DATASET EXCERPT:
┄┄┄┄┄┄┄┄┄┄

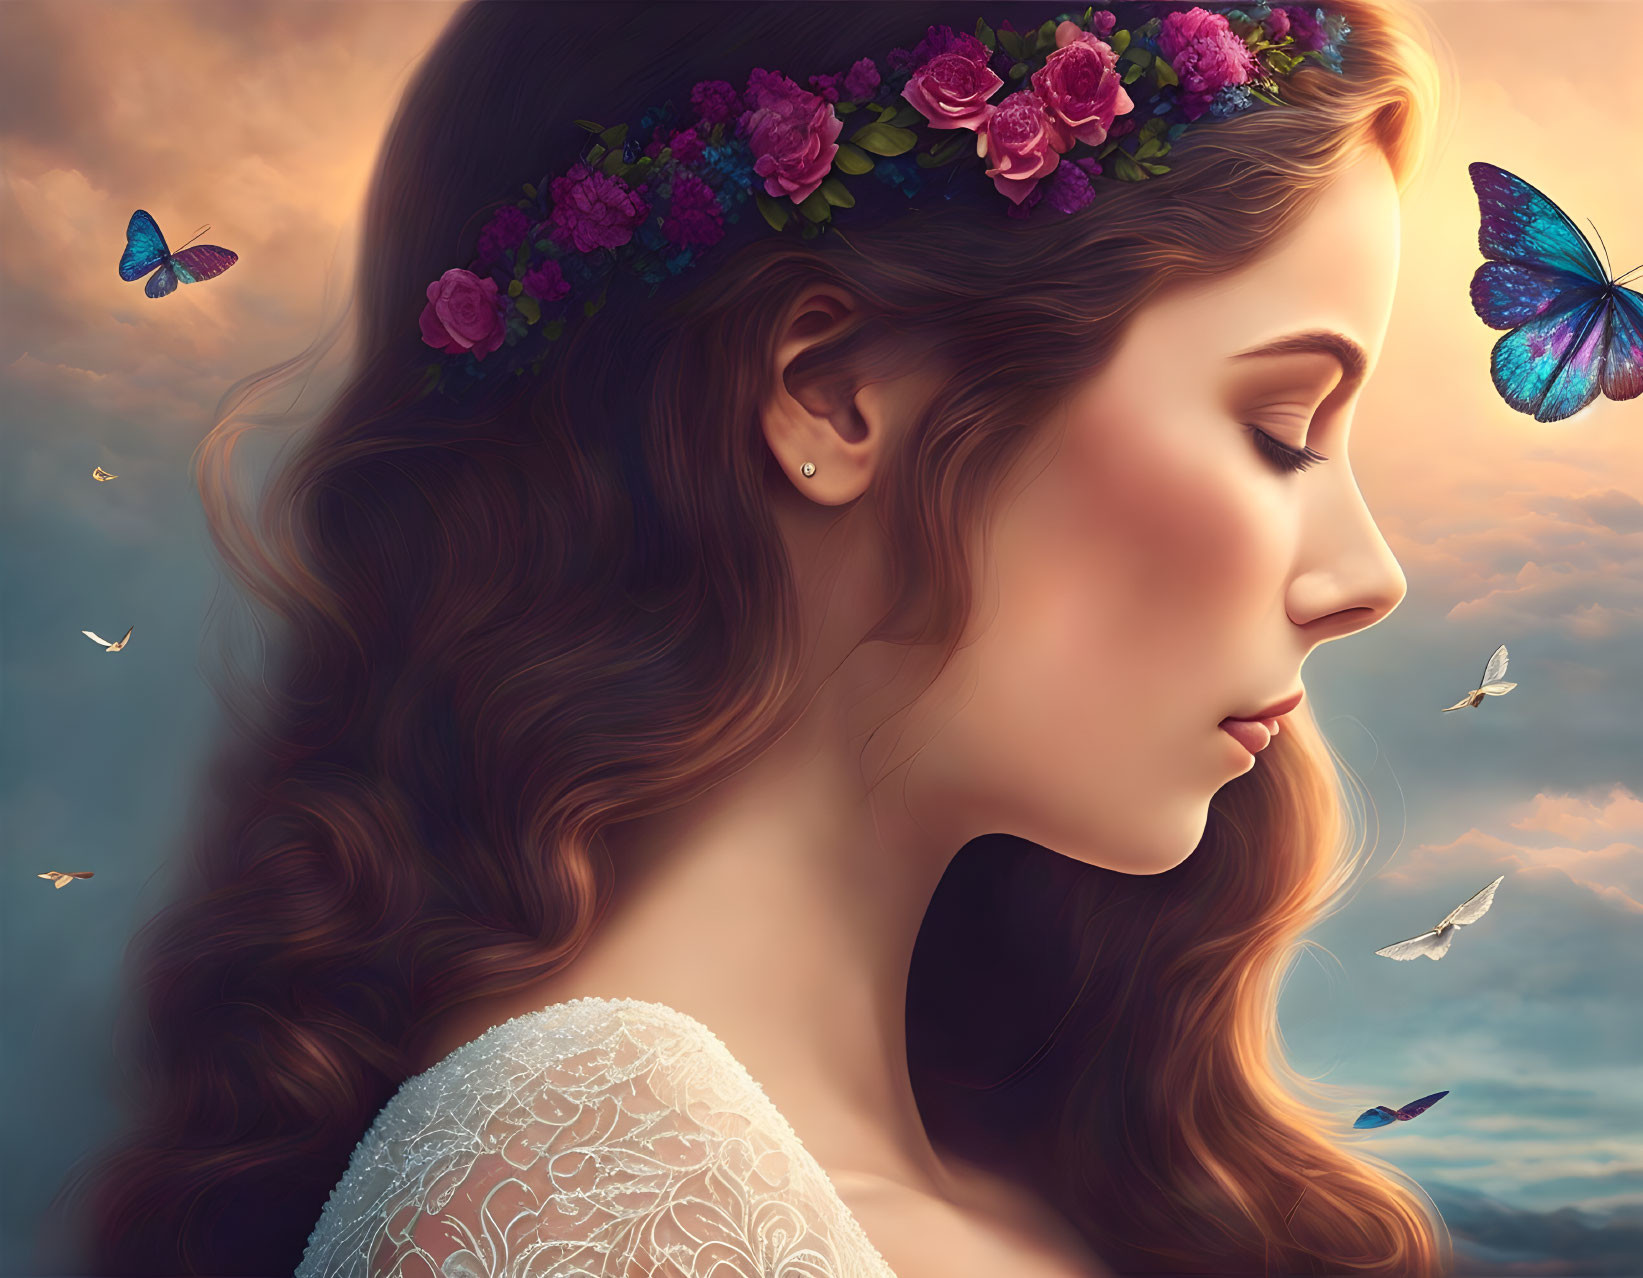 Woman with Floral Crown and Butterflies in Sunset Sky
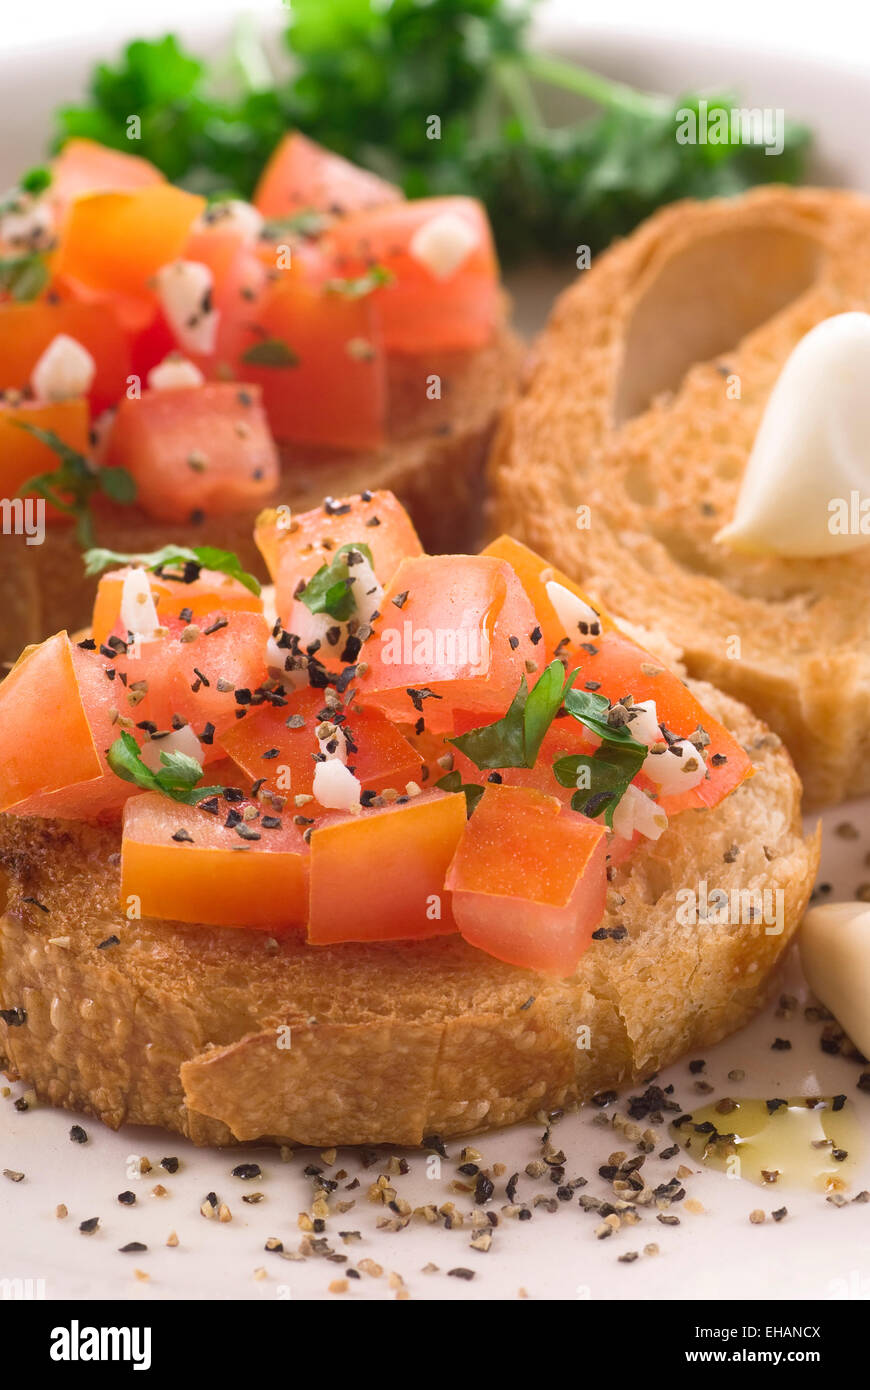 Bruschetta with tomato, olive oil, parsley, pepper and garlic. Stock Photo
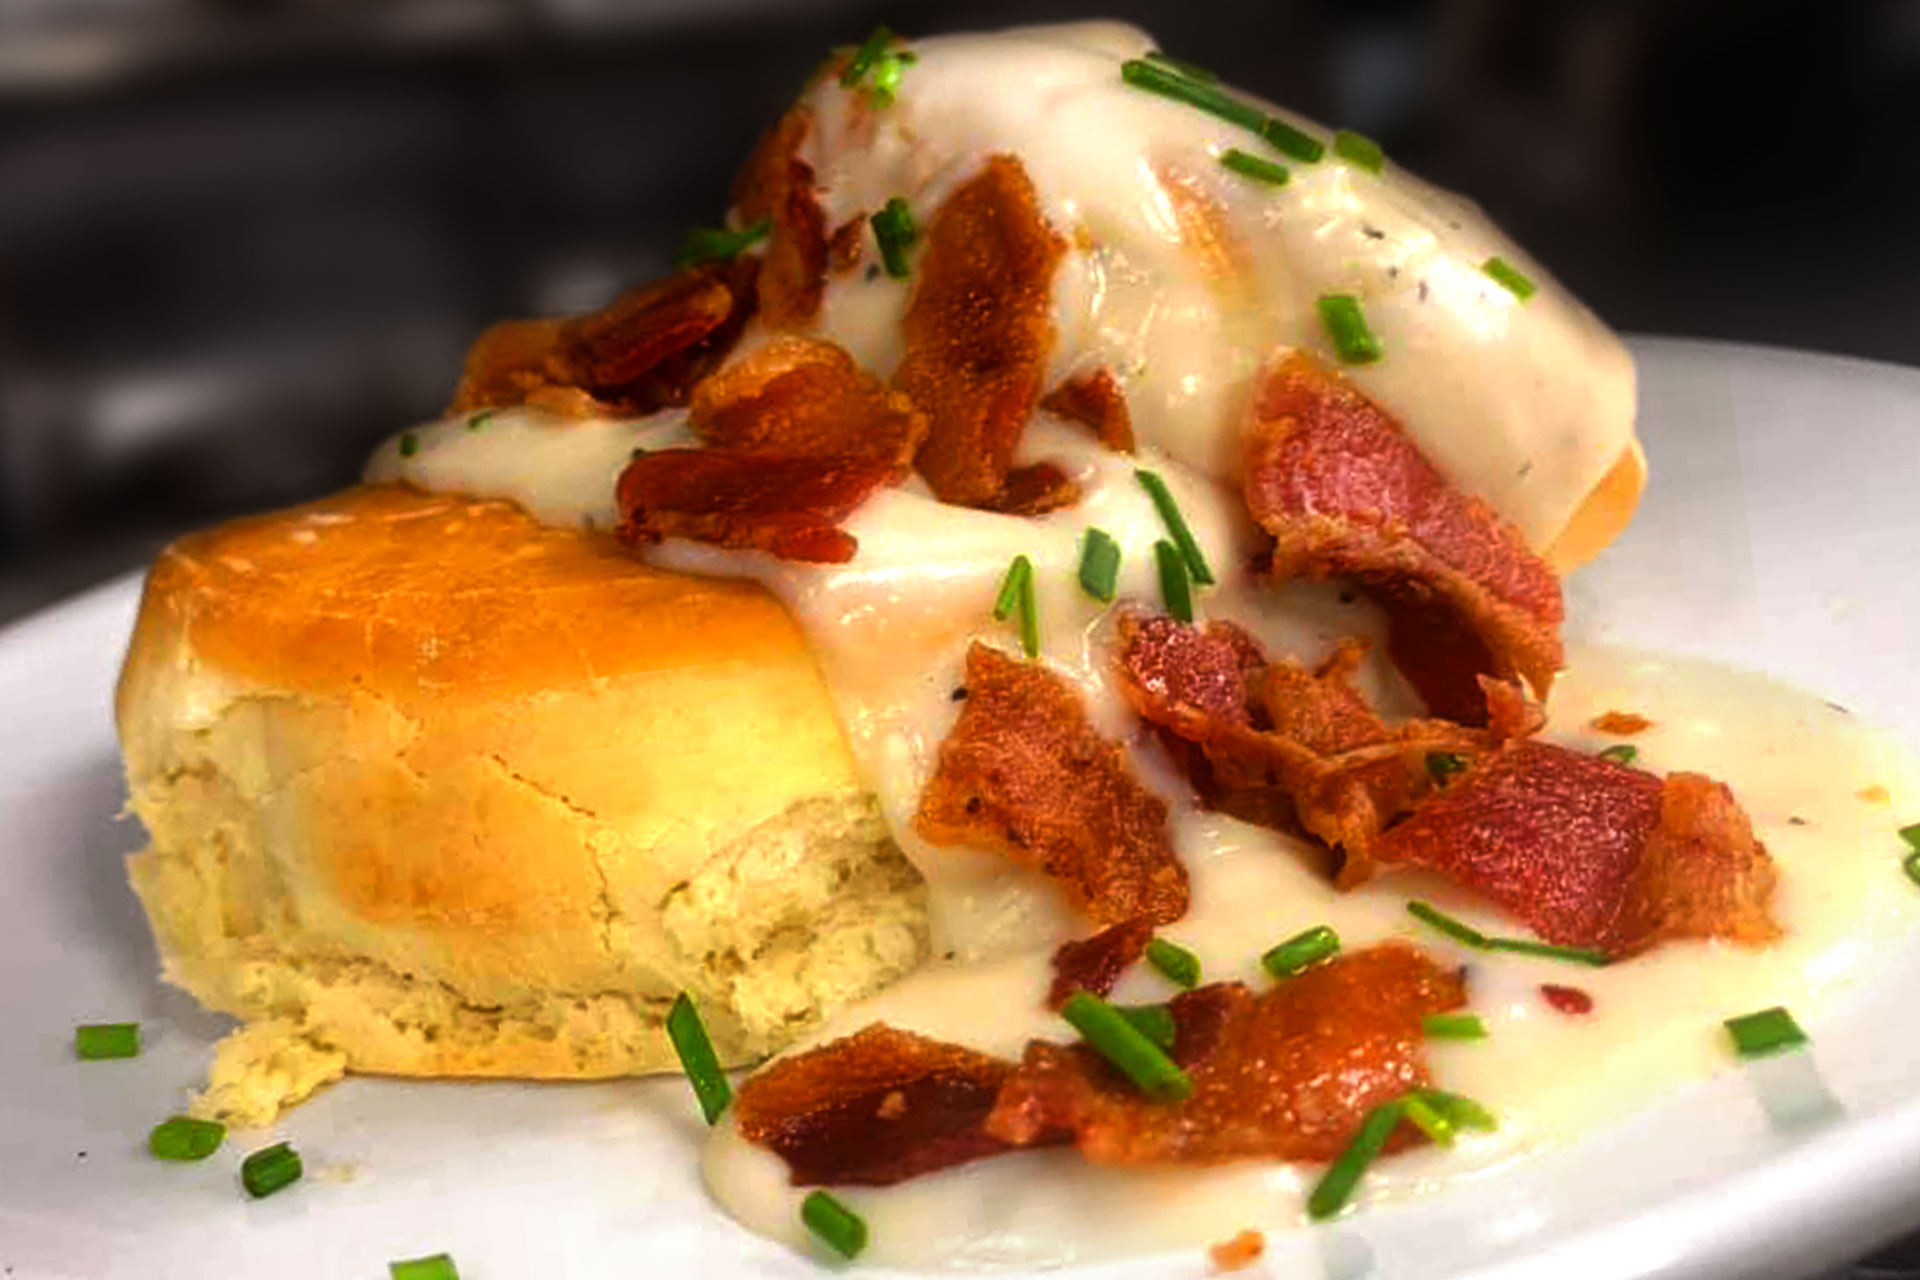 Biscuits and Gravy at 2020 Market

┄┄┄┄┄┄┄┄┄┄

TASK DETAILS:
Restate the whole listing above exactly, please, omitting every image.

ANSWER BELOW:
 Woman with Floral Crown and Butterflies in Sunset Sky
 Bruschetta with tomato, olive oil, parsley, pepper and garlic. Stock Photo
 Biscuits and Gravy at 2020 Market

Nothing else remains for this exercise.